Tende can, canda canansin Efendim Peygamberim (s.a.v)

Sükut

Member
Rivayet edilir ki: birbirlerine kırılan iki arkadaştan biri uzun bir aradan sonra diğerinin kapısını çalar.
‘Kim o?’ diye seslenir içerdeki. ‘Benim’ der kapıyı çalan. ‘Burada ikimize birlikte yer yok’ diye cevap verir öbürü.

Aradan uzunca bir zaman geçer. Yeni bir umutla tekrar çalar sevdiği arkadaşının kapısını.
‘Kim o?’ diye sorar yine içerdeki. ‘Sen’im!’ der bu sefer. Ve kapı sonuna kadar aralanır.

Hz. Mevlana da: ‘Birisinin kalbinde taht kurmak, sevgisini kazanmak istiyorsanız, öylesine sevmelisiniz ki, benliğinizi bırakıp adeta ‘o’ olmalısınız’ diye anlatır hakiki muhabbeti.
İşte sevmek ‘o’ olmaktır. Kalbi sadece ‘o’na hasretmektir.


Hz. Ömer (r.a): ‘Yâ Rasûlallah! Sen'i canım dışındaki her şeyden çok seviyorum!..’ der.
Efendimiz (sallallahu aleyhi ve sellem) Hz. Ömer (r.a)’ın elini tutar ve: ‘Beni canından çok sevmedikçe olmaz, Yâ Ömer!’ buyurur.
O da hemen: ‘Canımdan da çok seviyorum Yâ Rasûlallah!’ der.
Bunun üzerine Efendimiz (sallallahu aleyhi ve sellem): ‘Şimdi oldu.’ buyurur.


Sahabeler, Hz. Peygamber (s.)’e öyle derin bir sevgi ve aşk duymuşlar ki, dünyada da, ahirette de bir an olsun ondan uzak kalmak, onlar için en büyük üzüntü ve korku olmuştur. Bu sevgiyi Hz. Âişe’nin ağzından çıkan ifadelerde görmek mümkündür:

“Bir adamki bunun Sevbân olduğu tespit edilmiştir- Peygamber (s.) Efendimize gelerek dedi ki: “Ya Rasûlüllah! Süphesiz ki sen, bana hem çoluk çocuğumdan hem de malımdan daha sevgilisin.Doğrusu seni düşündükçe sabrım tükeniyor, gelip görünceye kadar bu hâlim devam ediyor.
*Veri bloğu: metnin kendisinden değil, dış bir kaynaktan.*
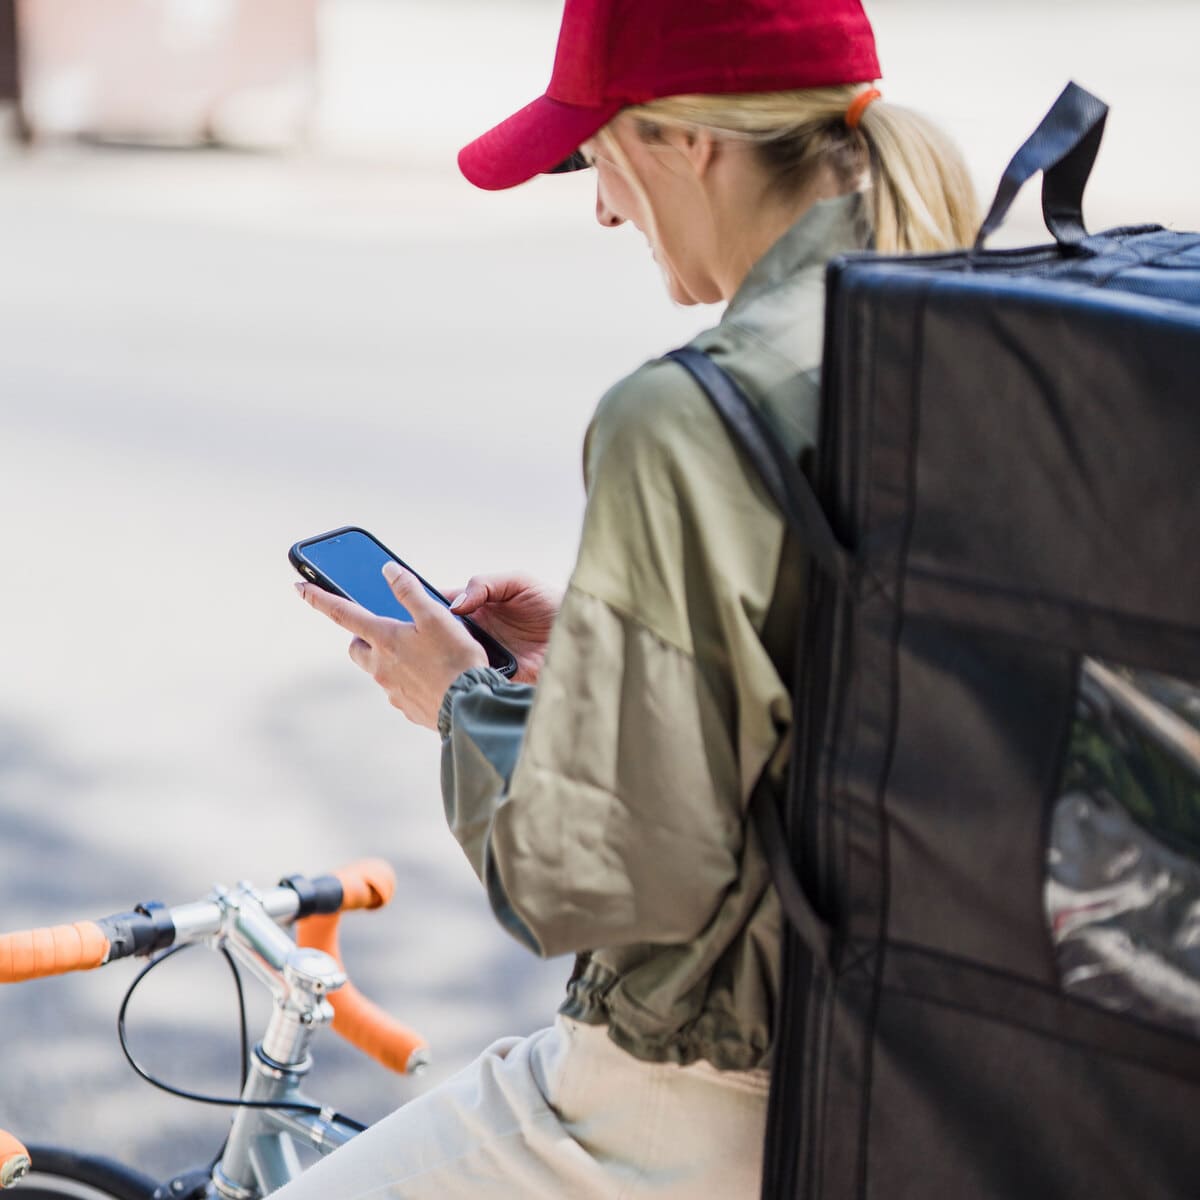 Chica repartidora de comida a domicilio subida en la bici y comprobando la dirección de reparto en su smartphone

Bir de kendi ölümümü ve senin ölmeni düşünüyorum da büsbütün üzülüyorum. Biliyorum ki, sen cennete girince peygamberlerle birlikte yüce makamlara yükseleceksin. Ben de cennete girince ayrı bir yerde bulu nacağım ve bir daha seni göremeyeceğim!" Bunun üzerine şu ayet-i kerime indi: “Öyle ya, kim Allah’a ve Peygamber’e itaat ederse, işte onlar Allah’ın kendilerine nimet sunduğu peygamberler, sıddîkler, şehitler ve salihlerle beraberdirler. Bunlar ise ne güzel arkadaşlardır." (Nisâ, 69)

Anlatılan olayda da görüldüğü gibi, ashabın Hz. Peygamber’e olan candan sevgileri öyle bir boyuta ulaşmıştı ki, kendisinden bahsedilince gözyaşlarına hakim olamıyorlardı. Hz.Ömer’in oğlu Abdullah ne zaman Hz. Peygamber’in adı geçse, kendisini tutamaz, gözyaşı dökerdi (Abdullah Nâsıh Ulvan, İslâm’da Aile Eğitimi, çev: Celal Yıldırım, VI.baskı, Ankara, II, 479-480).

Sahabenin Hz. Peygamber’e olan sevgi ve muhabbeti, onun vefatından sonra da aynı canlılığını ve tazeliğini hiçbir zaman kaybetmemiştir.

Allah (c.c ) kalplerimizi onun sevgisiyle doldursun.